In Waterloo, creativity flourishes in all shapes and sizes. There are two large theatres, many galleries and a host of specialized shops in the well-known nineteenth-century district in central London. ‘I live above the shop, like so many people in the past,’ Michael Anastassiades laughs good-humouredly. ‘At one time, this was a clothing store on a fairly busy market street. All houses had recognizable shop fronts: bakeries, butchers, greengrocers. I've seen a lot of change here in the last 20 years, but fortunately the neighbourhood hasn’t been gentrified as much as other parts of the city. Waterloo may be too close to the station for that. Some people think that isn’t all that chic.

’A few years after Anastassiades graduated from the Royal College of Arts, he managed to snap up this four-storey house and it has patiently remained one of his most long-term projects since. ‘The tail end included renovating the attic, insulating the roof and covering its exterior in lead. All in all, I have been hammering in nails for 20 years. When I first bought it, it had been abandoned for a quarter of a century. I started by restoring the construction and the most necessary facilities. But I had no kitchen at all for a long time, the bathroom was in my bedroom. After dinner with friends I had to wash the dishes in the tub. Once I’d gathered more money and energy, I’d renovate another floor. Now it's finally finished – and that’s good, because recently I haven’t had much time for renovations.’
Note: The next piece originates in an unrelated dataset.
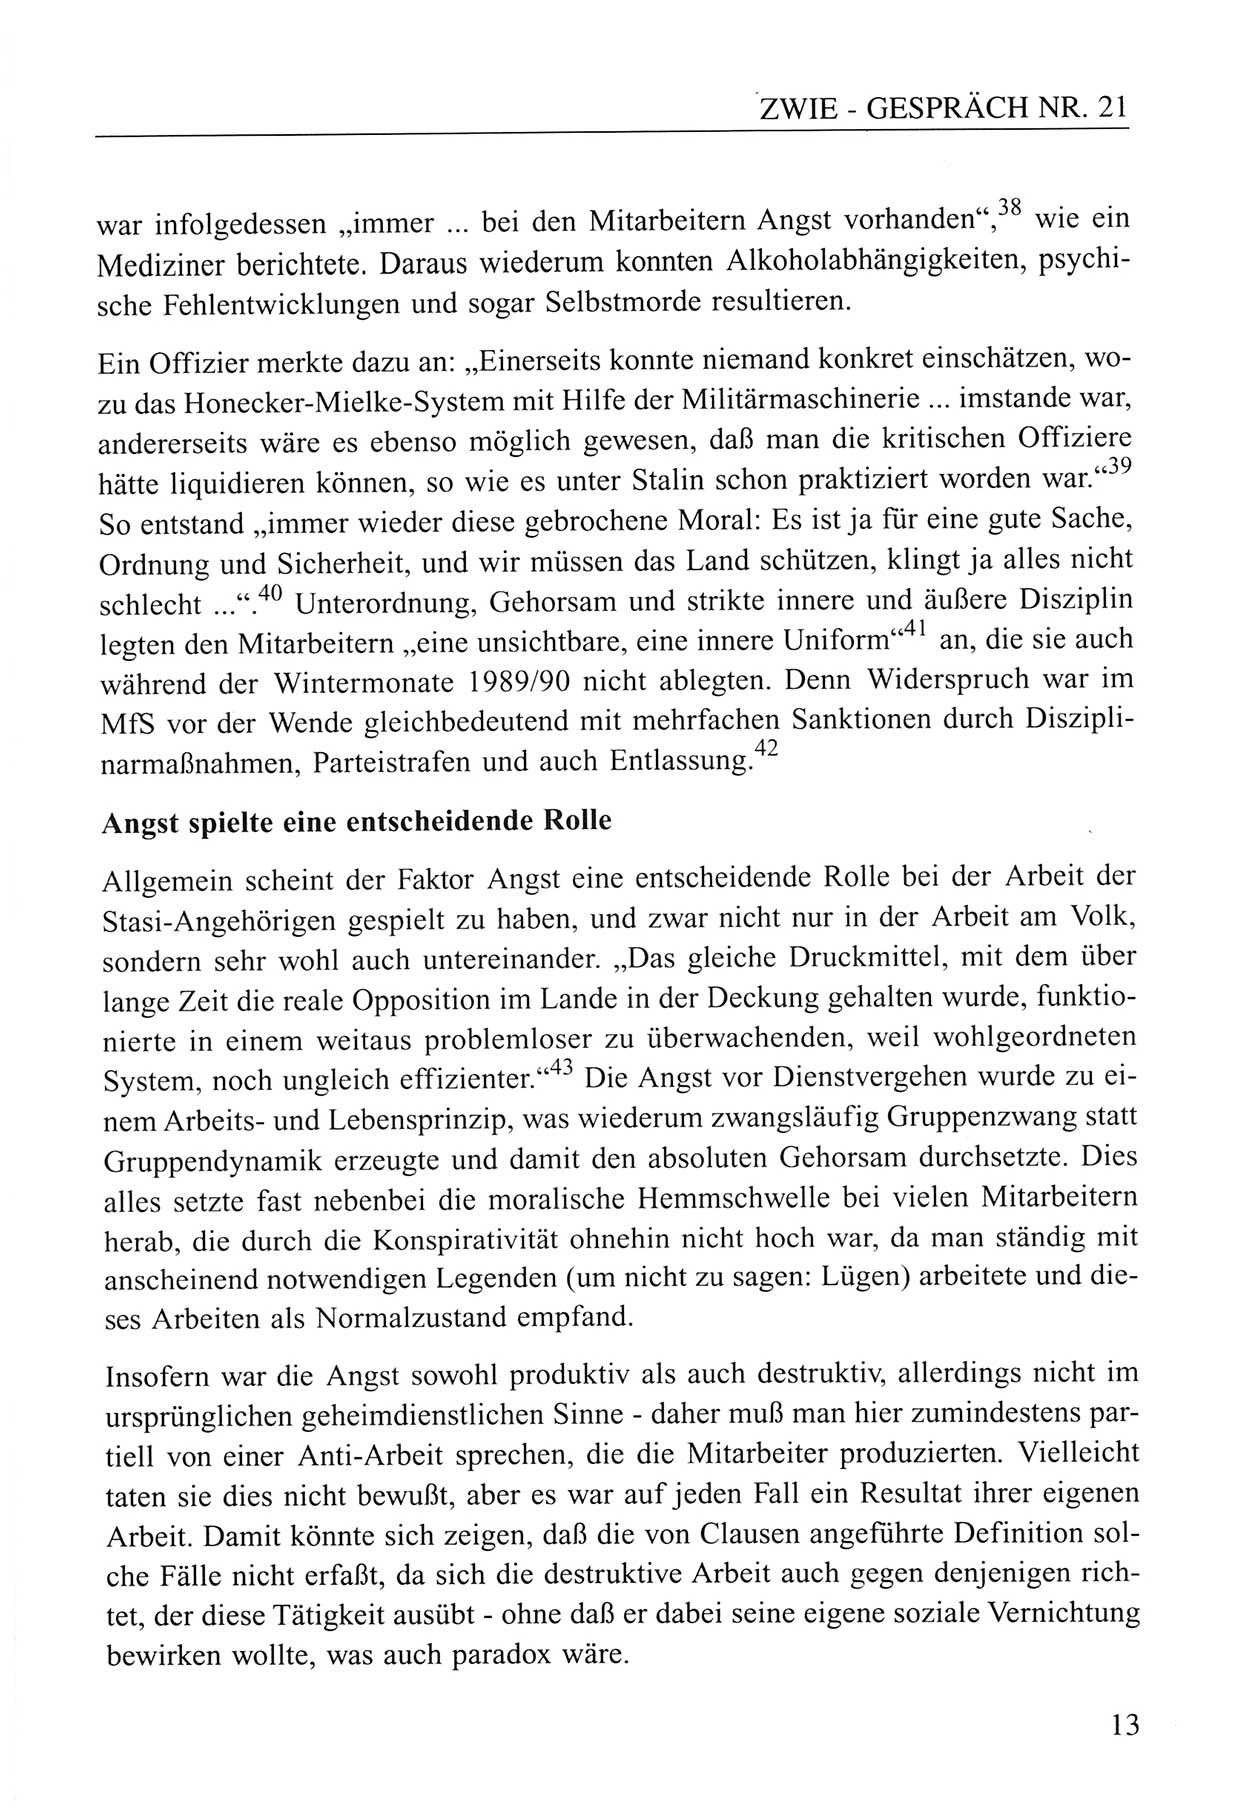 Zwie-Gespräch, Beiträge zum Umgang mit der Staatssicherheits-Vergangenheit [Deutsche Demokratische Republik (DDR)], Ausgabe Nr. 21, Berlin 1994, Seite 13 (Zwie-Gespr. Ausg. 21 1994, S. 13)

‘Unlike in the original floor plan, in which walls divided the house into traditional rooms, I opened up the floors as much as possible. I love the modernist idea of space and in addition, my mobiles and lighting look their best this way. Many of the products now included in the collections of Flos and Herman Miller have premiered here. The whole house continues to serve as a kind of laboratory annex exhibition space. As you go up, it becomes more private. The attic is my bedroom and the place where I listen to music, read books and do my yoga exercises.’ Balance not only explains this house, but also the spirit and work of Michael Anastassiades, who made a living as a yoga teacher for 15 years. Around 2007 he opened the doors of his house to the audience of the London Design Festival. It was only ten years ago that his mobiles and light sculptures were first discovered. Today, several of his designs are included in the museum collections of, among others, the MoMa, the V&A and the London Design Museum. It’s like a fairy tale. But logical reasoning goes a long way as well. Anastassiades is a natural at the kind of rare refinement and beauty that need time to mature. Only then can they flow freely.

Mobilechandeliers1 photocredit Osma Harvilahti
Mobilechandeliers1
Mobilechandeliers2 photocredit Osma Harvilahti
Mobilechandeliers2

Michael Anastassiades’s lighting and mobiles are refined objects that play with the balance between elements, lines and light. They have a distinct spatial effect. For exclusive interior design projects, Anastassiades often works with architects such as David Chipperfield, John Pawson and Studio Mumbai. Part of his work is available under his own label, but in 2014 Anastassiades also began making ground-breaking light families for Flos. Michael Anastassiades was born in the Greek part of Cyprus. He doesn’t come from a creative family but moved to London in the late 1980s to learn a profession that would provide economic prospects. During his studies as a civil engineer at the Imperial College, he walked past the Royal College of Art one day. There he discovered where his heart and his future lay. In 1993 he graduated from the RCA as an industrial designer. Fortunately, his engineering studies hadn’t been completely in vain, because during them Anastassiades developed ‘a sense of structure that comes in particularly handy in the business side of his profession’.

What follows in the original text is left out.